# Just Bought A 21rs



## vagabond (Jan 5, 2007)

After looking at numerous trailers, we took the plunge and bought a 2008 21RS. We loved the Coleman pop-up we owned for 20 years, but must admit to looking forward to the comforts of the 21RS. We expect to bring the 21RS home next week.

Thanks to all who post comments on outbacker.com. This site has been a great help to us in making our decision.

Rick (alias Vagabond)


----------



## ROB & JUDY OUTBACKERS (Mar 9, 2007)

Congratuations on getting your new 21' RS. You will realize how many times you cranked that Coleman pop-up before long. We had a Coleman pop-up for 17 years and now we have a 28' RSDS. You will love this site also, for chatting or getting information from fellow Outbackers.


----------



## SmkSignals (May 2, 2005)

Congrats. We LOVE ours. Have a great time with it !!!!


----------



## daslobo777 (Mar 24, 2007)

Vagabond -

We also recently moved up from a Jayco pop-up (of 5 years) to the OB. We had been looking at OBs for almost 2 yrs and finally decided to put-up $$ or quit looking!! Best decision we ever made.

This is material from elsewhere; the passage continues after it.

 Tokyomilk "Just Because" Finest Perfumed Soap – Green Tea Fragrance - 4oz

Enjoy your new 21RS and especilly enjoy OB.com. This site is awesome for learning everything you need to know about your new TT.

Happy Camping.


----------



## having_fun (Jun 19, 2006)

pop-ed up for 20 years! We PU'd for a year and I feel like we were ruffing it.............. You'll love it, it will feel like a manson. Congrats.


----------



## skippershe (May 22, 2006)

Hi vagabond
















to Outbackers
AND 







on your new 21rs!

We too went from our pop up of 3 years to the 28krs and couldn't be happier. The pop up memories are still with us, like the time our then 2 year son old fell through the canvas opening because it wasn't latched down yet, and landed on the ground just missing the hitch frame. Then there was the time we almost froze to death...well, you get the picture!

Enjoy your new palace on wheels...and do yourself a favor, get an electric tongue jack...no more cranking!!

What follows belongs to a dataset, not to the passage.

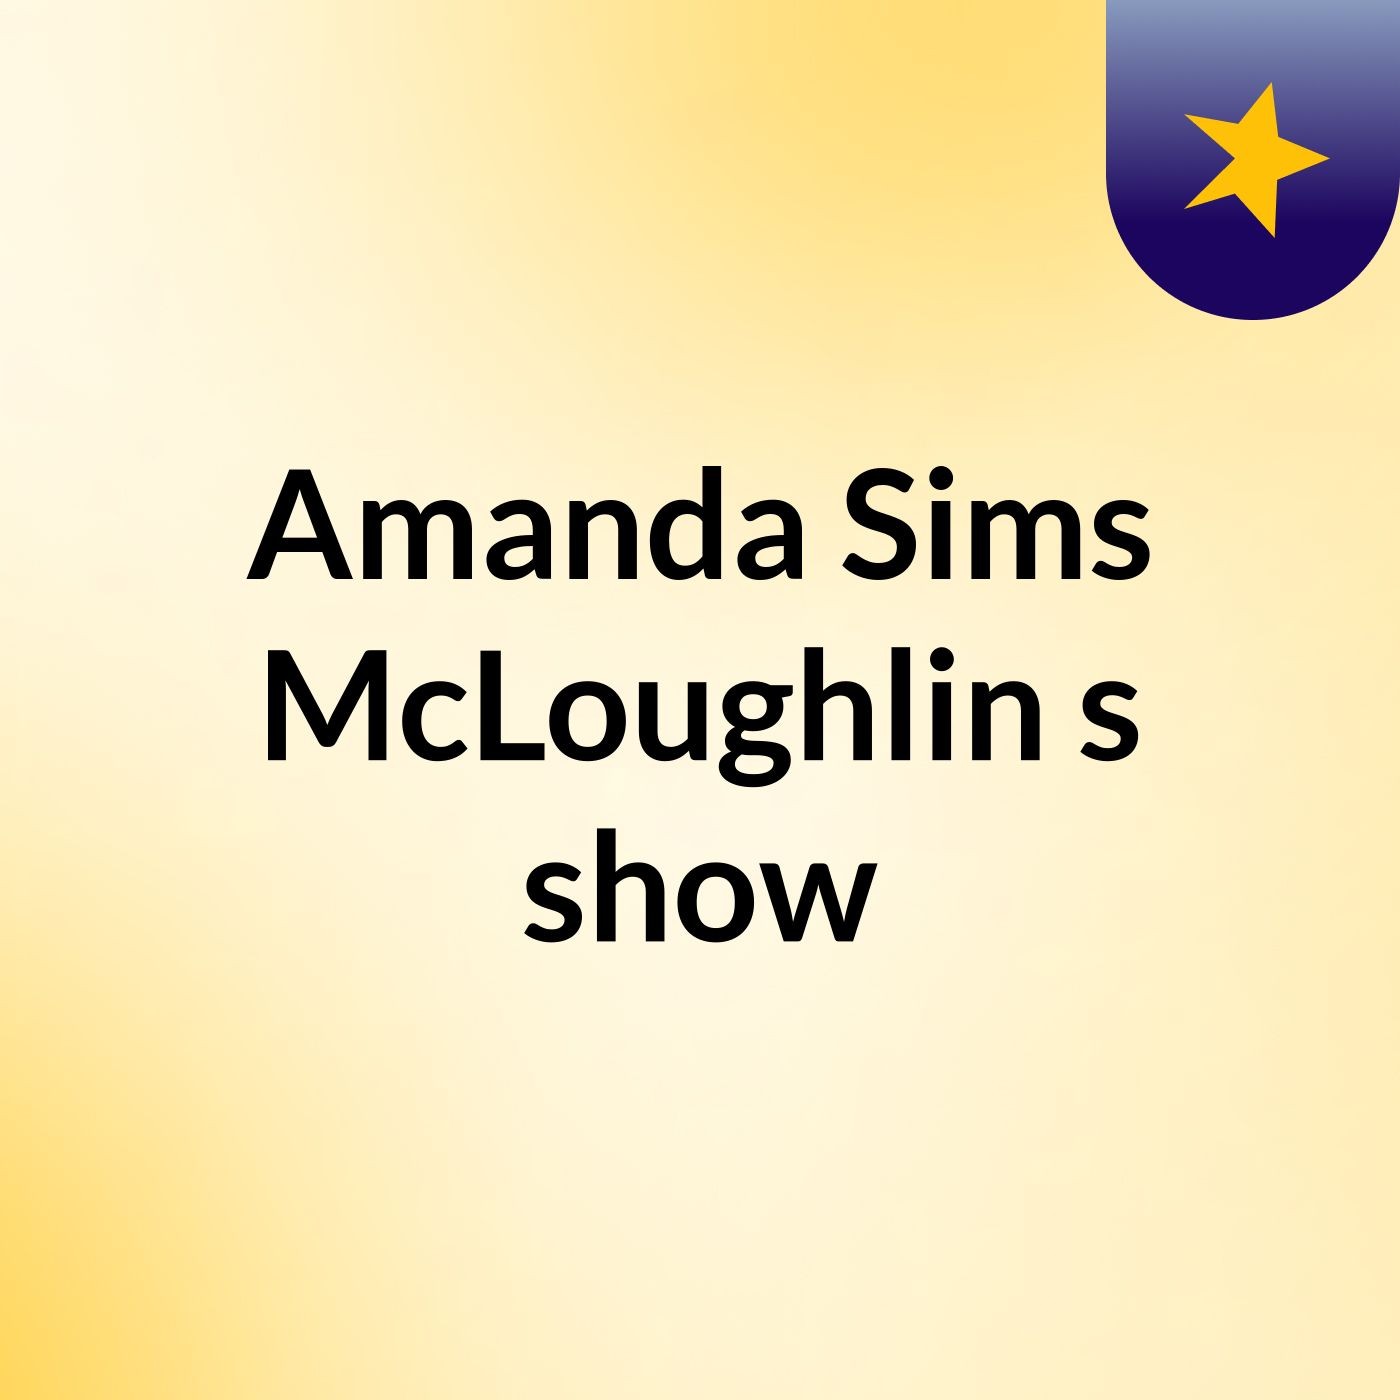 Amanda Sims McLoughlin's show

p.s. What area are you from??

Happy Camping,


----------



## mswalt (Sep 14, 2004)

Congrats on your upgrade!

Enjoy.

Mark


----------



## hpapa4 (Apr 11, 2007)

Congratulations on the new Outback and welcome to Outbackers.


----------



## mollyp (Aug 10, 2005)

vagabond,

Congrats on the new 21RS. You sure took a giant step up. Good luck with it and happy camping!


----------



## RizFam (Feb 25, 2006)

*& Congratulations!!*  

Tami


----------



## regsue814 (Apr 9, 2007)

Congrats on your purchase. Great choice if I may say so myself! I'm sure you'll love the 21RS


----------



## gerrym (Oct 23, 2006)

Congrats
we stepped up this year as well from a Coleman to a 21rs. What a difference.


----------



## Moosegut (Sep 24, 2005)

Congratulations and welcome aboard.







You're gonna love it. Many people here came from the popup ranks, myself included. Enjoy.
Scott


----------



## JimO (May 20, 2007)

Congrats!! We just bought an 08 21 RS too. Can't wait to hear how you like yours.


----------



## Collinsfam_WY (Nov 9, 2006)

Congrats on the new 21RS and Welcome to Outbackers!

-CC


----------



## Oregon_Camper (Sep 13, 2004)

Welcome...Welcome...Welcome.

Glad you found us.









Congrats on the new Outback. You're going to LOVE it.


----------